At URI, Wadensten, who earned an MBA from the Florida Institute of Technology, teaches a popular Lean, Six Sigma and Green Belt certification program, a hands-on course that focuses on process improvement for supply chain management. The class, which matches students with a company each semester to solve real problems, has grown from 12 to 40 students a semester in the three years he’s been teaching it, and attracts students from several disciplines, including engineering and pharmacy. VIBCO also hosts two engineering capstone students each year, with innovations developed by the students and then implemented by the company.
Wadensten says he’s excited with his chance to present the Vangermeersch Lecture. “URI was a place that shaped a lot of the things that make me who I am today. There were a handful of professors and classes that really defined the principles that I’m going to talk about. They’ve given me a framework for shaping my organization, for helping teach students, and for helping to raise a family.”

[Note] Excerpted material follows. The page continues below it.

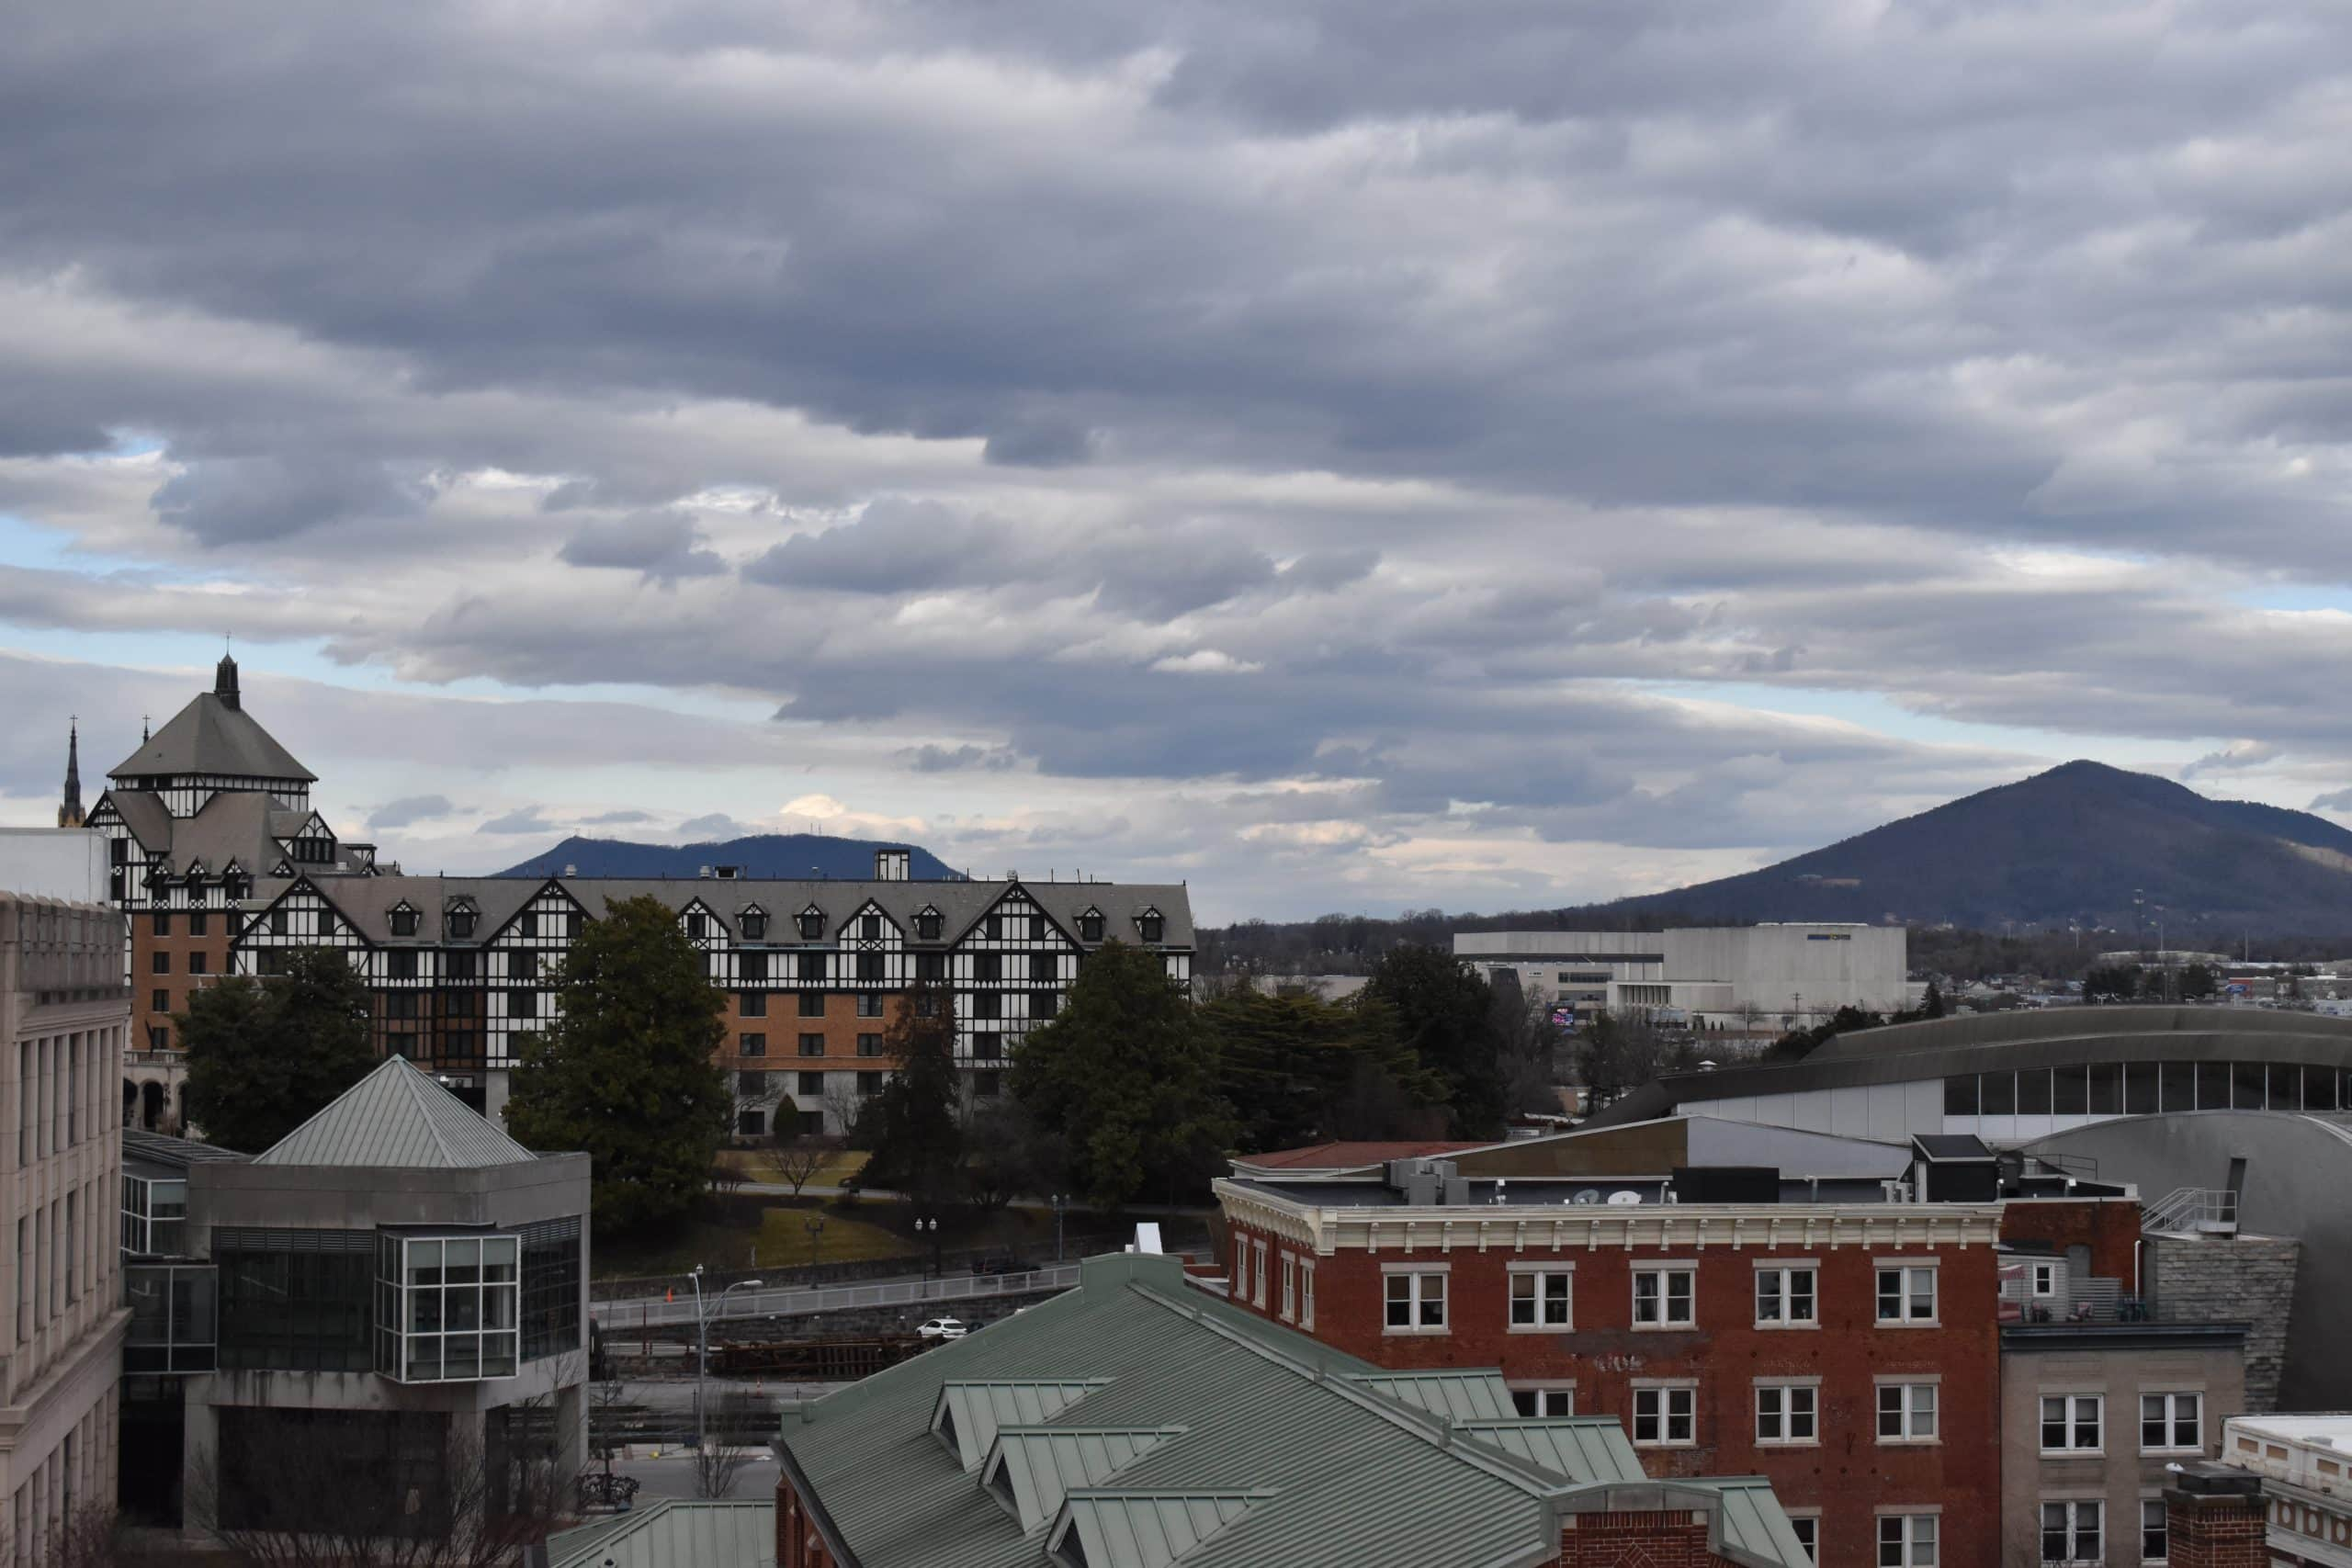 Downtown Roanoke Hotel Read Mountain scaled

The Vangermeersch Lecture was established in 2008 with a gift from URI alumna Deborah Ciolfi ’80, endowing a series that honors former accounting Professor Emeritus Richard Vangermeersch, who retired in 2004 after 34 years at URI.
While Wadensten didn’t have Vangermeersch as a professor during his years at URI, he feels his lecture will honor Vangermeersch’s guiding teaching principles. Wadensten says he wants the lecture to challenge students, but also engage them and make them laugh.
“That’s what Vangermeersch did – inspire fun, curiosity and engagement.”